Why is the brainstem sometimes called the reptilian brain?

Over time, certain evolutionary improvements have been implemented in the brain of human beings that have allowed us to adapt to the different changes that have been presented to us and this is one of the main reasons why we have survived as a species.

It is said that our brain is 3 times higher than that of primates and at the same time it is made up of different areas that over time have been incorporated one on top of the other throughout evolution.

In this way, it has been found that there are three types of brains, which are the following: the reptilian brain, the emotional brain or limbic brain and finally the rational brain or neocortex. 
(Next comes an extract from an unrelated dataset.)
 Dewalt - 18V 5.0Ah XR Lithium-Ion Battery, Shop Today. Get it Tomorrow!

In this article we are going to answer the question ‘’Why is the brainstem sometimes called the reptilian brain?’’ we will talk about what the reptilian brain is: parts and functions. In addition, we are going to let you know in detail what this type of brain consists of.

Why is the brainstem sometimes called the reptilian brain?
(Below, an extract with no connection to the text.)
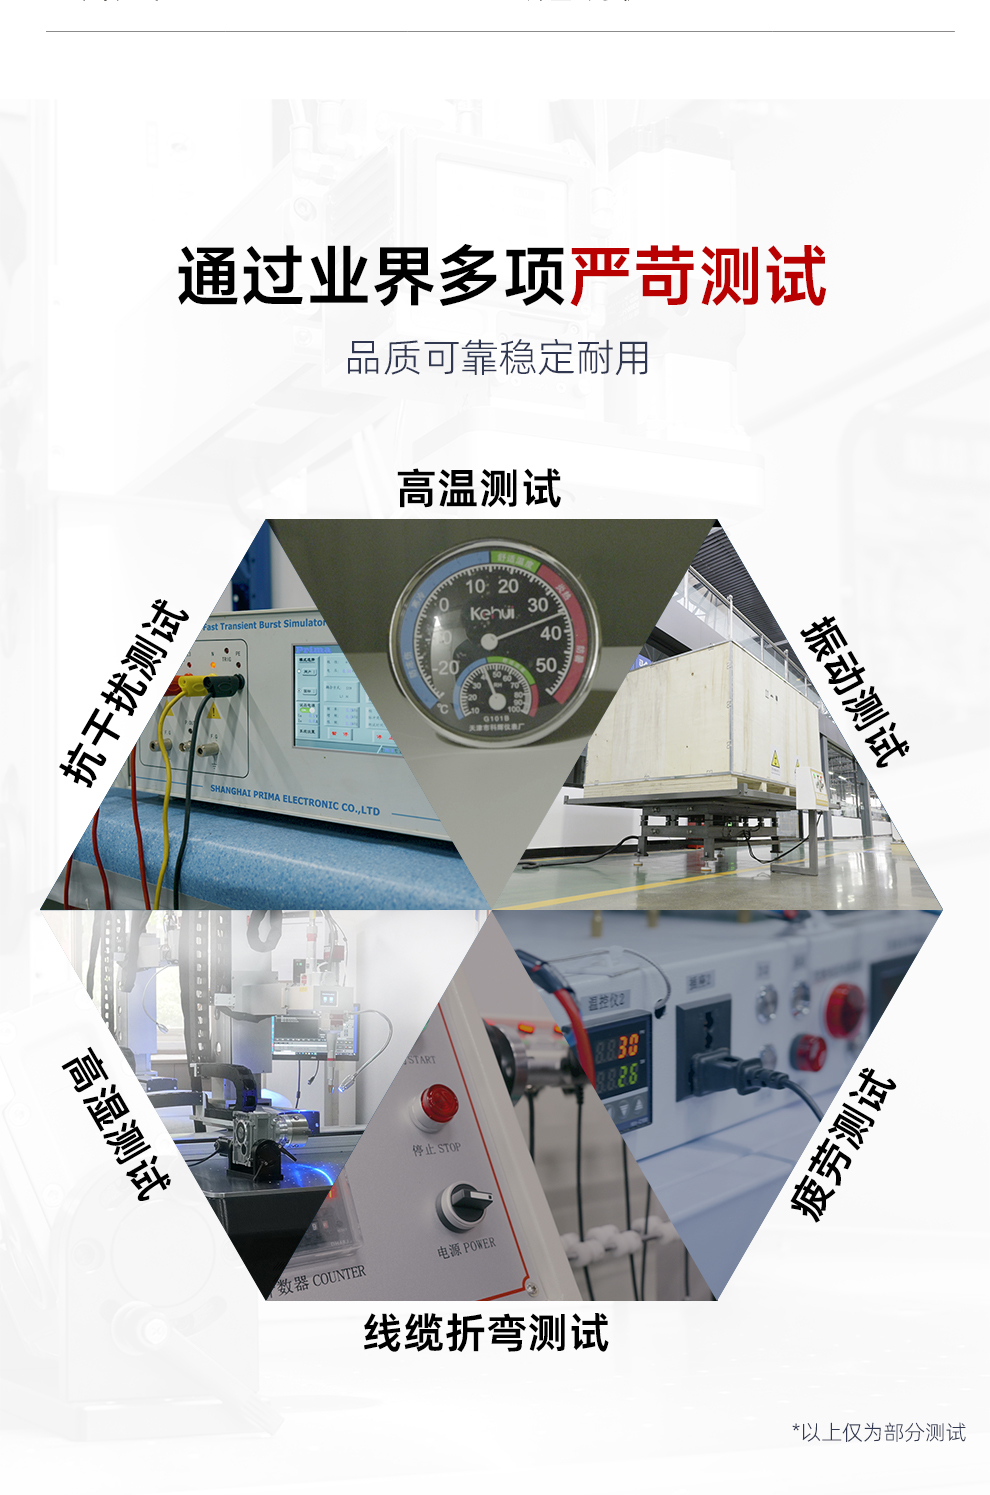 【待审】内贸-平台自动激光焊接机--详情O0520牛力_09.jpg

The phrase “reptilian brain” derives from the fact that a reptile’s brain is dominated by the brainstem and cerebellum, which control instinctual thinking and behavior for survival.

As we know, the brain has been in constant evolution over more than 250 million years and throughout this process, it has been acquiring new functions and increasingly complex abilities. The oldest brain, to which the limbic and neocortex have been added later, is the reptilian brain.

This brain was identified and developed through MacLean’s triune brain theory. The reptilian brain, also known as the R complex or reptilian complex, is the one we share with other mammals and reptiles.

It is mainly responsible for starting our most basic and primitive functions such as protecting us from possible threats, defending ourselves and fleeing to ensure our own survival. It is also in charge of carrying out some unconscious and involuntary behaviors such as our breathing, blood pressure, temperature, balance, among others.

The reptilian brain or reptilian complex occupies approximately 5% of our total brain mass.

Characteristics of the reptilian brain

This type of brain is not reflective and, on the contrary, acts unconsciously and instinctively.

As its main function is to take care of our own survival, it is considered that it is also in charge of making it difficult for us to achieve our personal goals since it feels safe only being in a known terrain, however when it enters unknown terrain, it feels extremely threatened and prefers to flee and escape before facing something new.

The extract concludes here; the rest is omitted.